BonJour, aujourd'hui, je rencontre un gros soucis. 

En effet, j'ai voulu Jailbreaké l'iPad de ma mère. Donc, je sauvegarde l'iPad, je vais pour le restaurer, et là, au moment où la restauration commence, la restauration commence mais blowue très vite, sois dès le début, sois vers la moitié. Plus aucun mouvement. 

J'ai essayé de télécharger un Firmware via Internet pensant que le logiciel Apple était endomagé, mais pareil... 
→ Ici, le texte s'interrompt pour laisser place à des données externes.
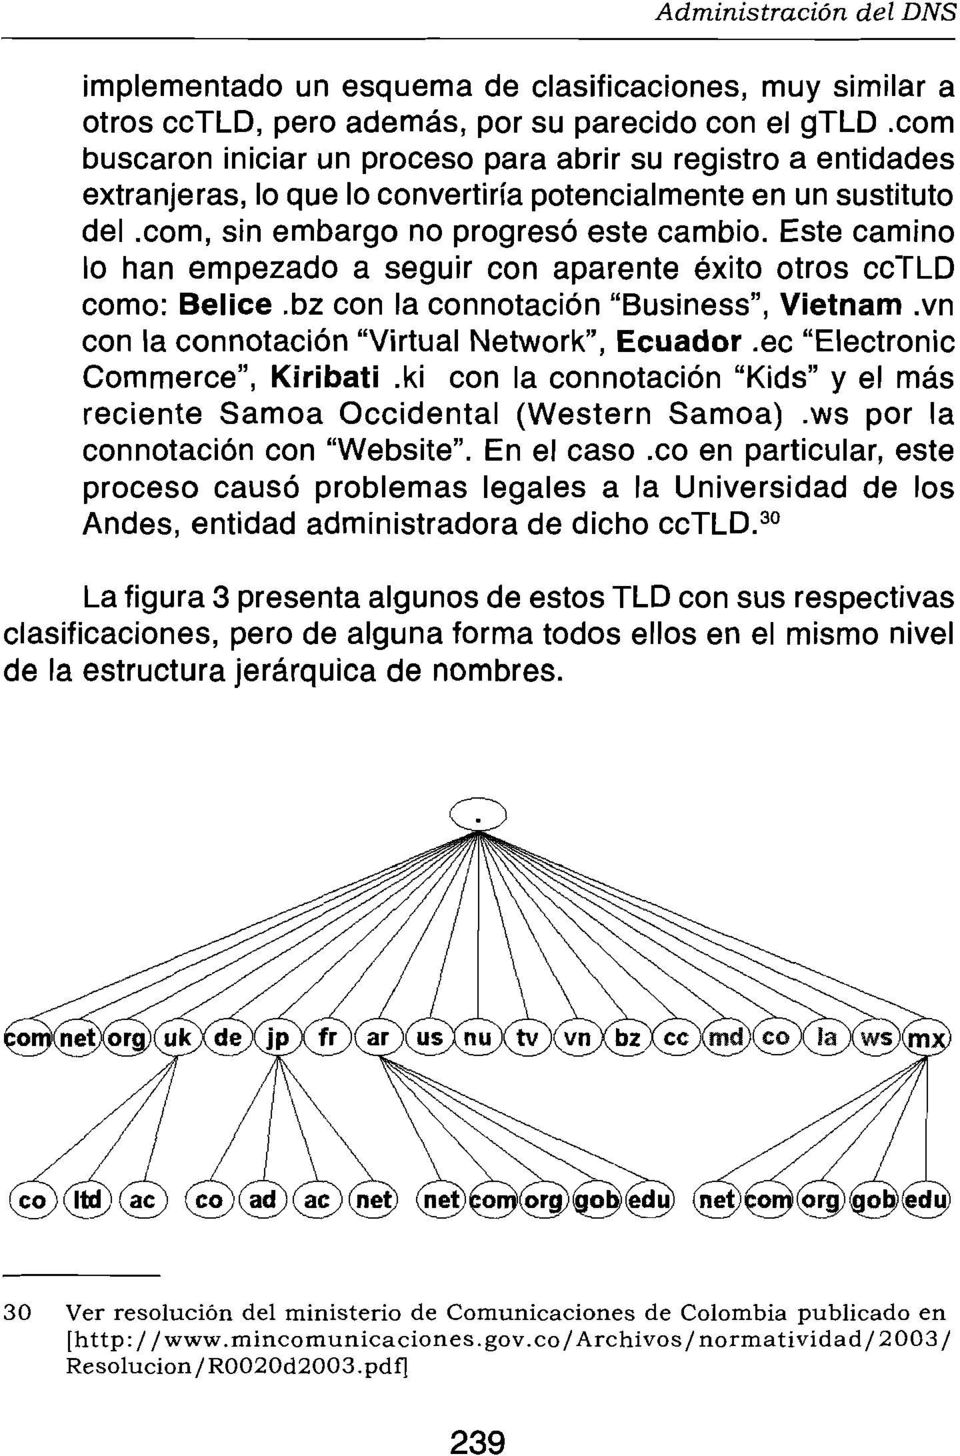 Este camino lo han empezado a seguir con aparente éxito otros cctld como: Belice.bz con la connotación "Business", Vietnam.vn con la connotación "Virtual Network", Ecuador.

Que faite ? Que se passe-t-il ? 

Merci d'avance...


----------



## Deleted member 284611 (5 Mars 2014)

Voilà se qui se passe quand on joue... Retour Apple...


----------



## Maestro31 (5 Mars 2014)

Avant de l'envoyer en SAV, redémarre en mode de récupération, éteint complètement l'appareil, reste sur le bouton principal maintenu et connecte ton câble d'alimentation qui doit être lié à ton ordinateur. Quand tu vois le logo Itunes, tu peux arrêter de maintenir le bouton. Itunes sur ton ordinateur devrait reconnaitre ton Ipad en mode de récupération et te proposer de le restaurer.


----------